The second reason for keeping a lid on personal emotional needs is that he simply is not capable of a mature reciprocal relationship right now. He didn't get that early childhood experience of being the object of someone else's exclusive devoted attention, and that has to come first. He is quick to think that he must be "good" in order to be loved, and since he can't be "good", he must be unlovable. I don't think a person can give until they believe they have something to give. This must be common with abused and abandoned children. I see him reaching for an explanation for why nobody "kept" him during his early childhood, and the most readily available conclusion for his child-mind is that he must have been a bad person. So the pressure of reciprocity is too much for him - he isn't sure anybody wants what he has to give back.

And my third thought about why raising a traumatized kid isn't an emotional two way street has to do with the need for total consistency. My partner is a musician, and he always says that without the rigid structure of musical scales and notes, there would be no framework within which to create music. I think T.'s life is like that. Without a tight, predictable structure, he experiences anxiety and chaos, not freedom or creativity. Providing adequate structure means saying and doing the same things over and over again regardless of how tired or frustrated or excited or angry we might feel. It means writing down the rules, explaining them, then enforcing them over and over and over in the same exact way, in the same quiet voice, in the same few words, with the same warm facial expression. The difference to me between discipline and punishment has a lot to do with the emotional state of the person doing the disciplining or punishing; I try to feel the difference between asserting consequences in order to relieve my own frustration versus asserting consequences in order to provide predictability for T.
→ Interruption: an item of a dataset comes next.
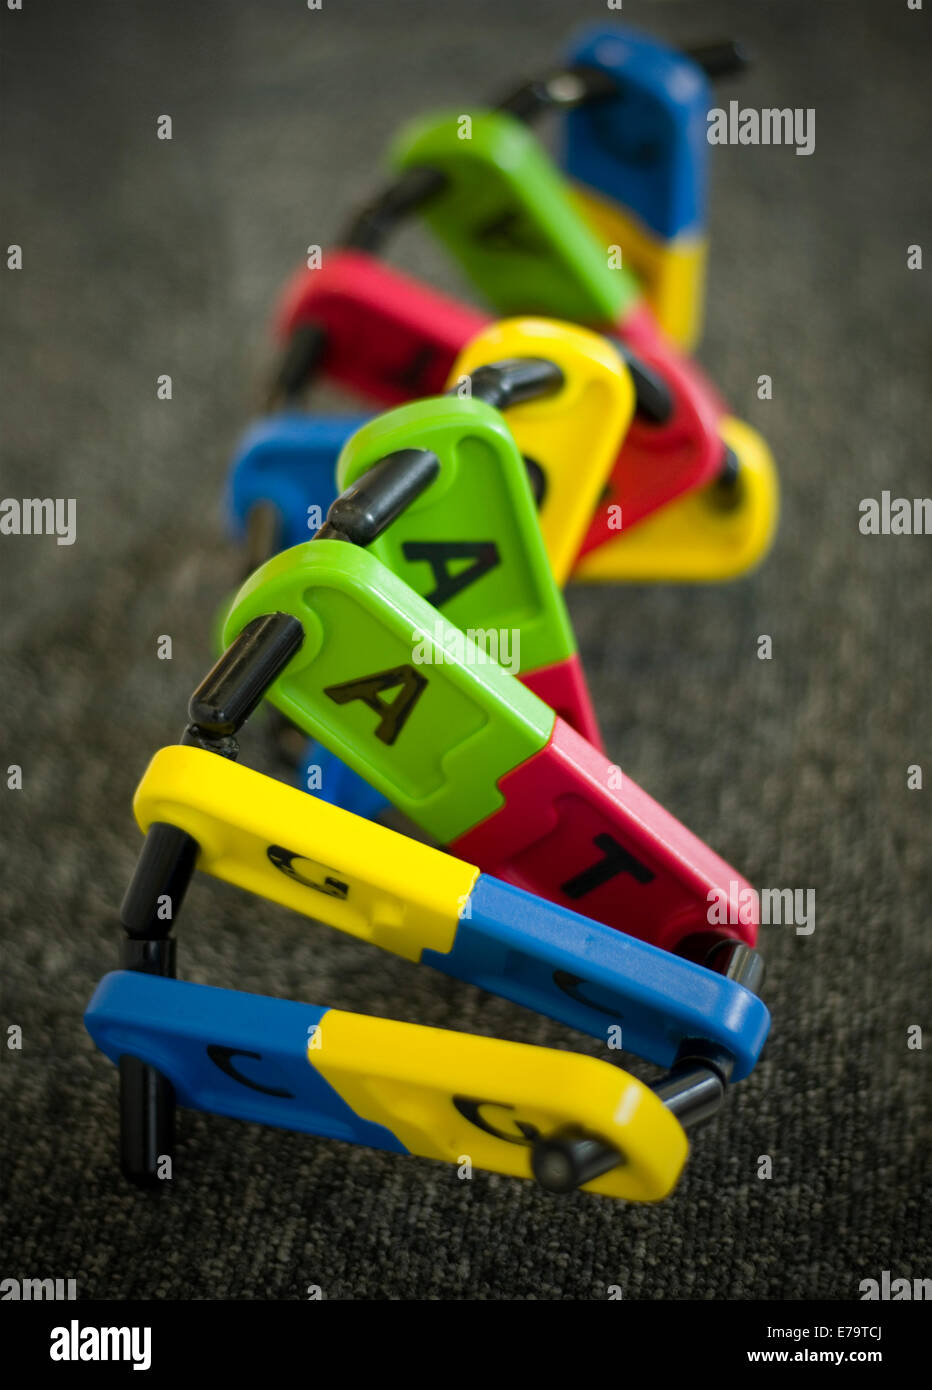 DNA model showing base pairs AT and CG (A - Adenine T - Thymine G - Guanine C - Cytosine) Stock Photo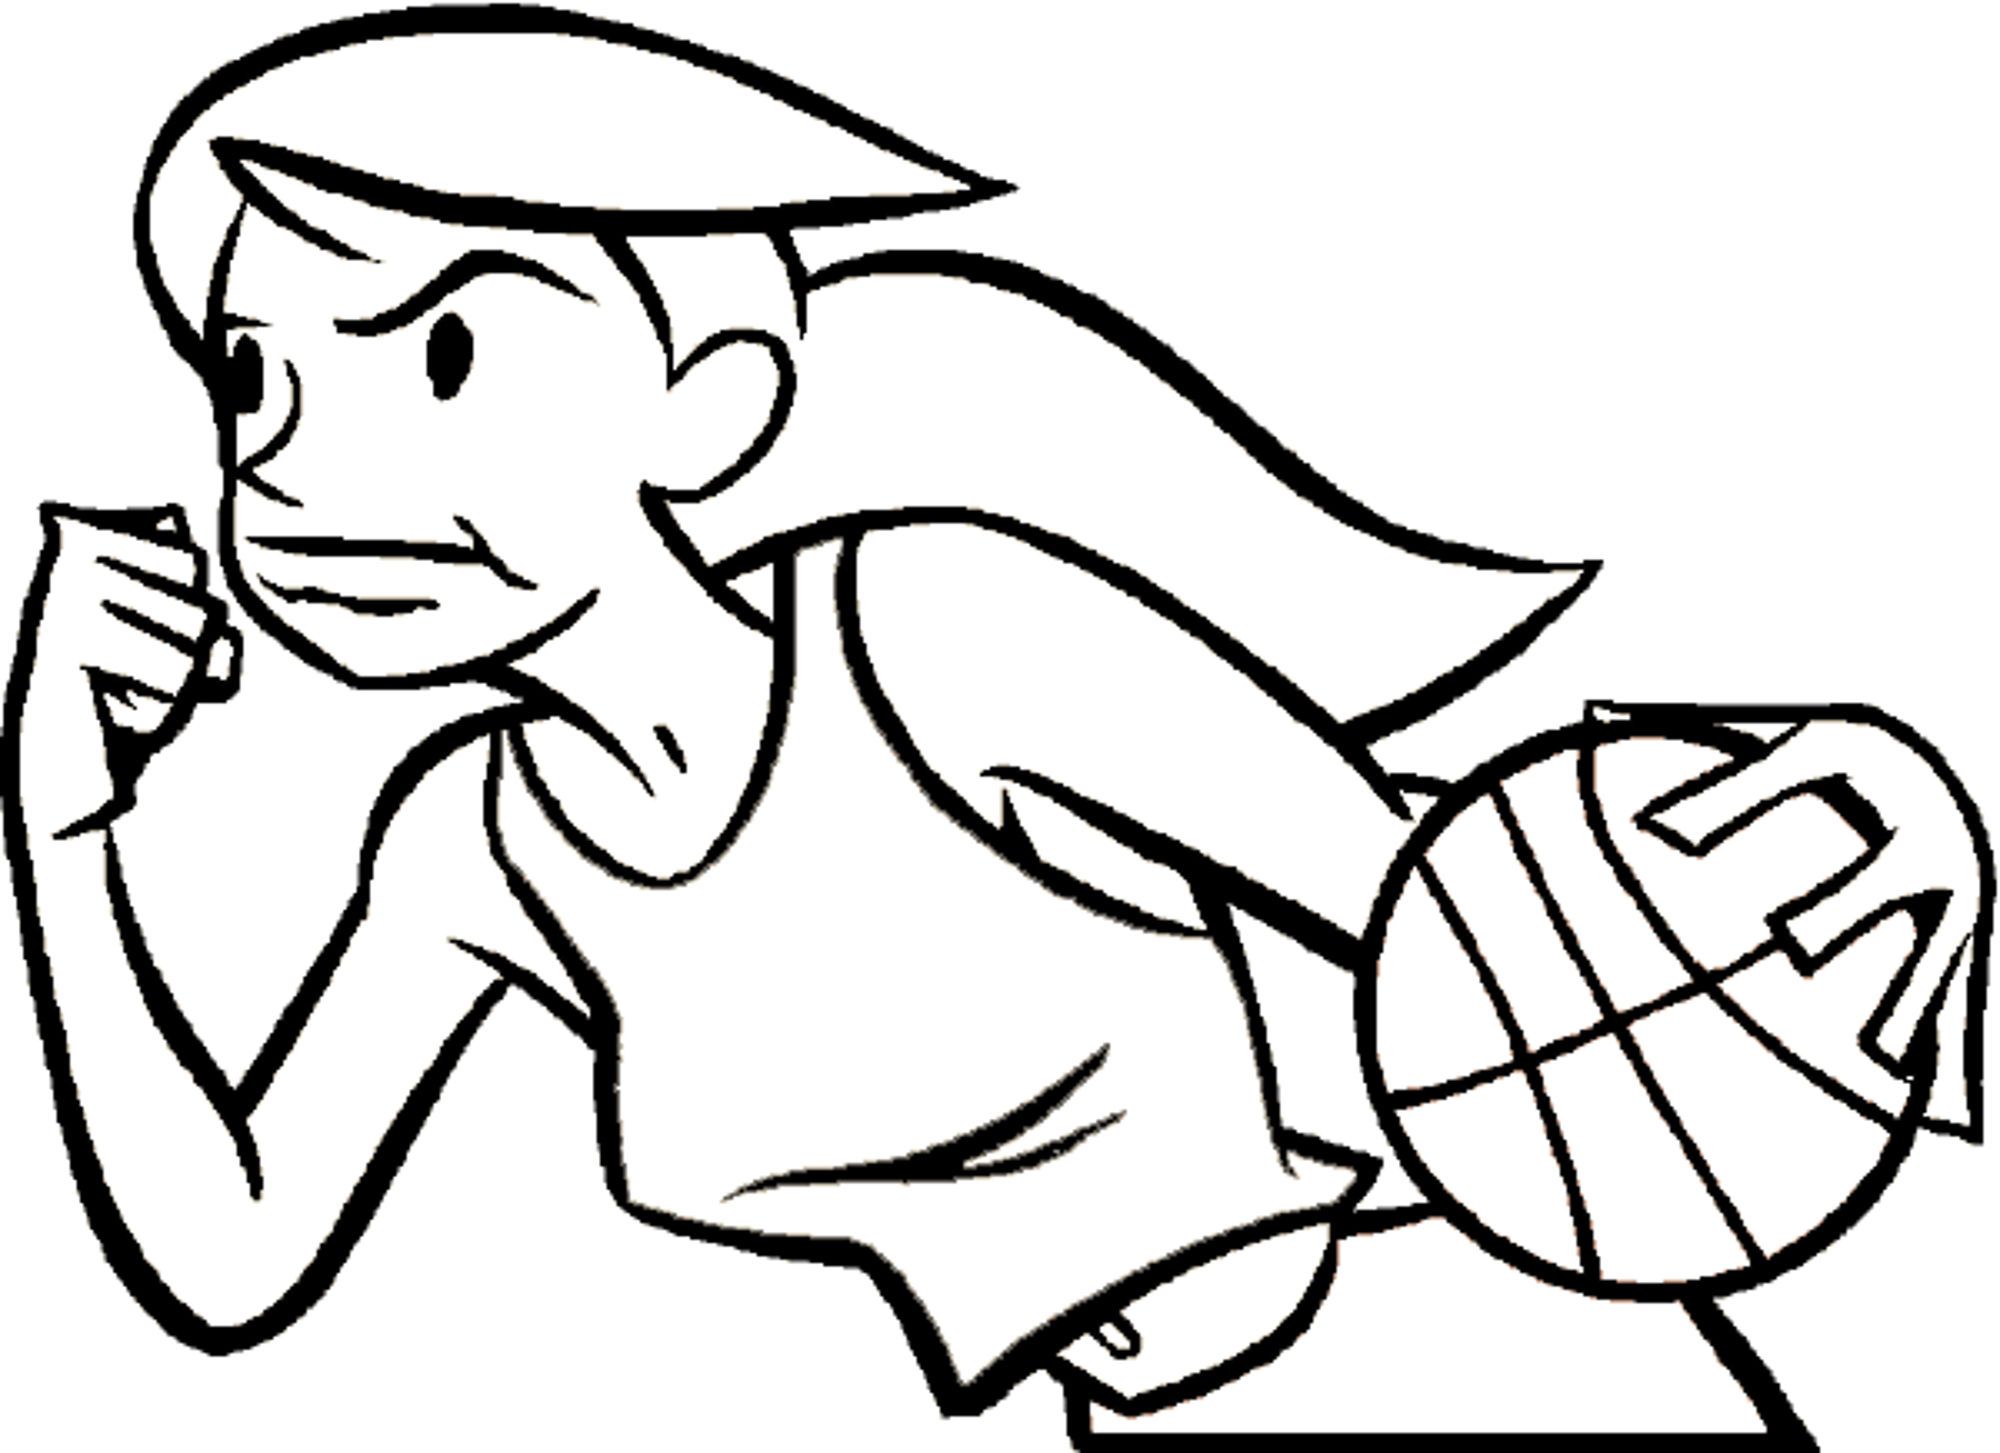 Girl Basketball Player Coloring Pages | Thousand of the Best printable ...

It's freaking hard! I've gotten incredibly attuned to the physical symptoms of my own feelings. When I feel adrenalin in my stomach, I know I'm getting angry and I need to calm down before I speak to T. When I feel my heart beat rising, I know I'm feeling frightened or out of control and I need to mellow out so I can project confidence and authority. When T. looks at me, I have to soften my eyes, even if he's driving me absolutely nuts, because he's looking to see if I've finally decided he's "bad" enough to give him back.

I don't know how you build this kind of emotional fitness and self-control. I find reading really helpful. When I'm about to pull my hair out, I often go to the computer and google crazy combinations of words until I find something apt. I google crazy things, like "foster kids fear of abandonment" and "at risk teens discipline consistency". So to all of you who write about parenting traumatized kids, thank you so much. I feel like we're a small virtual community that helps to train each other in the rules of an odd and important game.